BEGIN Input for this task

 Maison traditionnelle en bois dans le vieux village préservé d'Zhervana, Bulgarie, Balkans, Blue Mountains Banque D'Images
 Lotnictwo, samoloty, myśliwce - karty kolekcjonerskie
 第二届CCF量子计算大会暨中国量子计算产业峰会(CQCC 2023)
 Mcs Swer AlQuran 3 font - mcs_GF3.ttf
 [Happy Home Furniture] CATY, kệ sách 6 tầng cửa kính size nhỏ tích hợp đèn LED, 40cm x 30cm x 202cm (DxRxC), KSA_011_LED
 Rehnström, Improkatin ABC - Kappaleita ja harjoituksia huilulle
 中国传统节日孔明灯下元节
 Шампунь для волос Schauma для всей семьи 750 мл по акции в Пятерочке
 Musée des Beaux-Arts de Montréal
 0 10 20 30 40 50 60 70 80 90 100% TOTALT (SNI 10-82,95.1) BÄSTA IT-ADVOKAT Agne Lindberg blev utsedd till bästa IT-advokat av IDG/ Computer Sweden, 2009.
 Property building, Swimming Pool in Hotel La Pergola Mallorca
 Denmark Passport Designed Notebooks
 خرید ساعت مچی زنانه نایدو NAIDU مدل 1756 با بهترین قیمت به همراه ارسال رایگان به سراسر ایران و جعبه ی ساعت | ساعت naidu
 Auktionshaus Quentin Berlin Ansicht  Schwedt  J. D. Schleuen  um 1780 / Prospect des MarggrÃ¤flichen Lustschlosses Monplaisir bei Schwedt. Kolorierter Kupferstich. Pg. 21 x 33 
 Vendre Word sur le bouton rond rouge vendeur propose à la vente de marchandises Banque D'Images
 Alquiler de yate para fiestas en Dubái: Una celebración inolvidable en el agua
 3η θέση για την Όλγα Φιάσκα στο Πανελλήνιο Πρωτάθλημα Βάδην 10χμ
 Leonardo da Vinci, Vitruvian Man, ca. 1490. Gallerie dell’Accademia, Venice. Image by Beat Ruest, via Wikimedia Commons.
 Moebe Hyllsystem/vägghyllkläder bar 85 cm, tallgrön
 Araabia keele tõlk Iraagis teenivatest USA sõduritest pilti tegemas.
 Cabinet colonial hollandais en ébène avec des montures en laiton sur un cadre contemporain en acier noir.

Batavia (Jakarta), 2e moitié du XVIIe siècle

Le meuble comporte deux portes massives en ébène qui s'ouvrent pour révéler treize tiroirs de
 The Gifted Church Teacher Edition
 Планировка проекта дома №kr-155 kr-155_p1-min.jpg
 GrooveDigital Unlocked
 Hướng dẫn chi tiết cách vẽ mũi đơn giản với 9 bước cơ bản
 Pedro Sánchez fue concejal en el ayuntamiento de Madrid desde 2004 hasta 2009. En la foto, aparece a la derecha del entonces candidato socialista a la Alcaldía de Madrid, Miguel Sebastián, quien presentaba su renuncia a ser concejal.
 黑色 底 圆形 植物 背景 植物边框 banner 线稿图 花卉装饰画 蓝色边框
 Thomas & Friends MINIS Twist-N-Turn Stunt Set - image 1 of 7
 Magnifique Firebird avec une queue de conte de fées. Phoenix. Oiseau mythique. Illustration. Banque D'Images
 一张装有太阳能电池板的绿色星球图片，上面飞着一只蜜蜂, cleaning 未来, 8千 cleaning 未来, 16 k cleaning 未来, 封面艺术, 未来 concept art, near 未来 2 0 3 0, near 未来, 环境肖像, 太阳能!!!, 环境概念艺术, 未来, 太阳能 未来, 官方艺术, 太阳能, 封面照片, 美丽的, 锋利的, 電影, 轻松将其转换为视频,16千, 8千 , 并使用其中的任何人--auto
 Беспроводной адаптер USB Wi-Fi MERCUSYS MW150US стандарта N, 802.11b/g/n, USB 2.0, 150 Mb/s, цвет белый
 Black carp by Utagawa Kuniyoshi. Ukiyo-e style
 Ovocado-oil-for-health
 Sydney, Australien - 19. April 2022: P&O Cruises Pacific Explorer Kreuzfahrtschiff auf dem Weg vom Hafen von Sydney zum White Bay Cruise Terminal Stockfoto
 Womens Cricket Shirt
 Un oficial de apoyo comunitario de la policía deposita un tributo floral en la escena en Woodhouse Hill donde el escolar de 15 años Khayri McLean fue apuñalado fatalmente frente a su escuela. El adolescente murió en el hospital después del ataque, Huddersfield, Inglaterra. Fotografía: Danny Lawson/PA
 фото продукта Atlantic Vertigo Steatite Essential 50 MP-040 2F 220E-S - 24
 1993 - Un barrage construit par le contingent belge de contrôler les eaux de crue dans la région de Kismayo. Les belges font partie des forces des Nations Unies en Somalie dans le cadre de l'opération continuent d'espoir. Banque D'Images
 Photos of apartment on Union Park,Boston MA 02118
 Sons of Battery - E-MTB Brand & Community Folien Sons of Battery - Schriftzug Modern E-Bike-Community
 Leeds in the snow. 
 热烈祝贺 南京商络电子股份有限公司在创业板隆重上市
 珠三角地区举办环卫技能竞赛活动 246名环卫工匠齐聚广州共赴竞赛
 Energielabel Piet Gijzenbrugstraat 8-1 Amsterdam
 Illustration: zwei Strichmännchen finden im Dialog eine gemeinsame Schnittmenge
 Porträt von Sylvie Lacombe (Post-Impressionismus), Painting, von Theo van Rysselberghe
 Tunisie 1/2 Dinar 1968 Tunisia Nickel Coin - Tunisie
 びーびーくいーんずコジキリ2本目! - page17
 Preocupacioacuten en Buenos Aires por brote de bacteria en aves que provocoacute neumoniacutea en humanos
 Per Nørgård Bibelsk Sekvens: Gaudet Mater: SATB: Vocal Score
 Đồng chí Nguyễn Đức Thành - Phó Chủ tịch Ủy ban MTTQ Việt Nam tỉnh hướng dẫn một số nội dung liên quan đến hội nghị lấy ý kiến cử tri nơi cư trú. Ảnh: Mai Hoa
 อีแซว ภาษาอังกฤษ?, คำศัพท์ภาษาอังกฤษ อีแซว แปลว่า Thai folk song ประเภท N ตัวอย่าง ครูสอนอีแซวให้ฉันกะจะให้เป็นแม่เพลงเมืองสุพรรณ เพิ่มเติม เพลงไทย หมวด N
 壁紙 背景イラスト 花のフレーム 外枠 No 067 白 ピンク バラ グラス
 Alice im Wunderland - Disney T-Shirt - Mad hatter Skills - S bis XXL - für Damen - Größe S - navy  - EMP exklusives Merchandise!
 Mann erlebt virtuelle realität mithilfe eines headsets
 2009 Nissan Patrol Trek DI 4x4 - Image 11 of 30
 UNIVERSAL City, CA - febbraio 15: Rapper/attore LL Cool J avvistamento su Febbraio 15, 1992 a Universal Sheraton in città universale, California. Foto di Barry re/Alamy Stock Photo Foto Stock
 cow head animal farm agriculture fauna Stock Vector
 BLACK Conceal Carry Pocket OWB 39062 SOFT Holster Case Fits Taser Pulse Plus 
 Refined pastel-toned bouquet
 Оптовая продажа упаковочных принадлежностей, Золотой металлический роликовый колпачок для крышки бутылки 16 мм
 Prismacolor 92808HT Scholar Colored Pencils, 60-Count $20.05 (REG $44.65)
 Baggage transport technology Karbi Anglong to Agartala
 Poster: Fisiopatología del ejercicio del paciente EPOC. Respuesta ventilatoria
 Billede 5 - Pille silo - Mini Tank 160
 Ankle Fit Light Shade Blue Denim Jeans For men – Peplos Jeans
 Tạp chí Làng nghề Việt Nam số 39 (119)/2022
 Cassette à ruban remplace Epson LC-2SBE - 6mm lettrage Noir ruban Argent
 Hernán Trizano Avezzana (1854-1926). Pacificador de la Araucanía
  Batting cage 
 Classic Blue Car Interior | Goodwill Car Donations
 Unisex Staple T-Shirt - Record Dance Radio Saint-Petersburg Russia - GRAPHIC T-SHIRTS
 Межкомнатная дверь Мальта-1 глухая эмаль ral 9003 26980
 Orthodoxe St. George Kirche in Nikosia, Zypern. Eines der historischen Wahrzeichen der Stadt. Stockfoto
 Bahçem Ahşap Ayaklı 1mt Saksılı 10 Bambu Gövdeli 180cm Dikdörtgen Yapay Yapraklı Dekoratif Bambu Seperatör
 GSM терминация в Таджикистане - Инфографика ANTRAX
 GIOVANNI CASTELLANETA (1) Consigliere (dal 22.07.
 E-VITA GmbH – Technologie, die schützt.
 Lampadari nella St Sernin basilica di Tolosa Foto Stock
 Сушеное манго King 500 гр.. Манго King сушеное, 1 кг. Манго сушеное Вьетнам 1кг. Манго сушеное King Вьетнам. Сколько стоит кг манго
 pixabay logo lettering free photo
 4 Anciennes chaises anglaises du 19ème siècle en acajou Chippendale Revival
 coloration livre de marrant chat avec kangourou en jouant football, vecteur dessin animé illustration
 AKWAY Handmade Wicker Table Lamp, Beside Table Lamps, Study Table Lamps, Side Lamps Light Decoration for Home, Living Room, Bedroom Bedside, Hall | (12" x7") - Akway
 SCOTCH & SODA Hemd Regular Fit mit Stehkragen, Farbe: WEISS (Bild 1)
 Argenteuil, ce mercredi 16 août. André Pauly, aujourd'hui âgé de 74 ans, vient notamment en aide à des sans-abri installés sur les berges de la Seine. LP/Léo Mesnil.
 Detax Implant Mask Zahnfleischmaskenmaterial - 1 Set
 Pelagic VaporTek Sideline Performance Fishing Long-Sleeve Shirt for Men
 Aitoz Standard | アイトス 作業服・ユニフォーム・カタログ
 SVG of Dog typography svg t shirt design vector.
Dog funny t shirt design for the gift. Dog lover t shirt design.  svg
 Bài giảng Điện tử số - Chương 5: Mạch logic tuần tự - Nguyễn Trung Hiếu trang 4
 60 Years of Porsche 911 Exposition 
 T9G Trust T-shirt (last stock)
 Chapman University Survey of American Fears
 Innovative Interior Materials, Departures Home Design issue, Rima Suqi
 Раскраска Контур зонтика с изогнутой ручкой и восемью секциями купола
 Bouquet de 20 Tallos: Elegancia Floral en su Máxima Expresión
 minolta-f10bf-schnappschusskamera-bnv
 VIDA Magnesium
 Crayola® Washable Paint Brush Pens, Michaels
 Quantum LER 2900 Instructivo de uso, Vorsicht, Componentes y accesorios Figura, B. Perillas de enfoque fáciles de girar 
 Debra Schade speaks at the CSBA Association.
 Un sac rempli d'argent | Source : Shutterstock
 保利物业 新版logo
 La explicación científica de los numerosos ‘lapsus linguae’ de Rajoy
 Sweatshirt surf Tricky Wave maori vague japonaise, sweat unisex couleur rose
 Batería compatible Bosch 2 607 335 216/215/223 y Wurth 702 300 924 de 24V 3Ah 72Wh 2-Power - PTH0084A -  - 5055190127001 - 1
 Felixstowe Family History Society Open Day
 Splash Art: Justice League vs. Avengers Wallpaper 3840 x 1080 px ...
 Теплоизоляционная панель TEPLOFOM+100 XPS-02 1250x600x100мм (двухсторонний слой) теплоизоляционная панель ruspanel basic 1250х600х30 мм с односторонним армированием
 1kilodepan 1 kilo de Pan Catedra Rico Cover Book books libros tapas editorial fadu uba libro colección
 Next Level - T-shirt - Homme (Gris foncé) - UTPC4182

END Input for this task

Work order:
From the very first line of the records down to the line with "Musée des Beaux-Arts de Montréal", please write out each line exactly, including both ends and no other lines.

Output of the task:
 Maison traditionnelle en bois dans le vieux village préservé d'Zhervana, Bulgarie, Balkans, Blue Mountains Banque D'Images
 Lotnictwo, samoloty, myśliwce - karty kolekcjonerskie
 第二届CCF量子计算大会暨中国量子计算产业峰会(CQCC 2023)
 Mcs Swer AlQuran 3 font - mcs_GF3.ttf
 [Happy Home Furniture] CATY, kệ sách 6 tầng cửa kính size nhỏ tích hợp đèn LED, 40cm x 30cm x 202cm (DxRxC), KSA_011_LED
 Rehnström, Improkatin ABC - Kappaleita ja harjoituksia huilulle
 中国传统节日孔明灯下元节
 Шампунь для волос Schauma для всей семьи 750 мл по акции в Пятерочке
 Musée des Beaux-Arts de Montréal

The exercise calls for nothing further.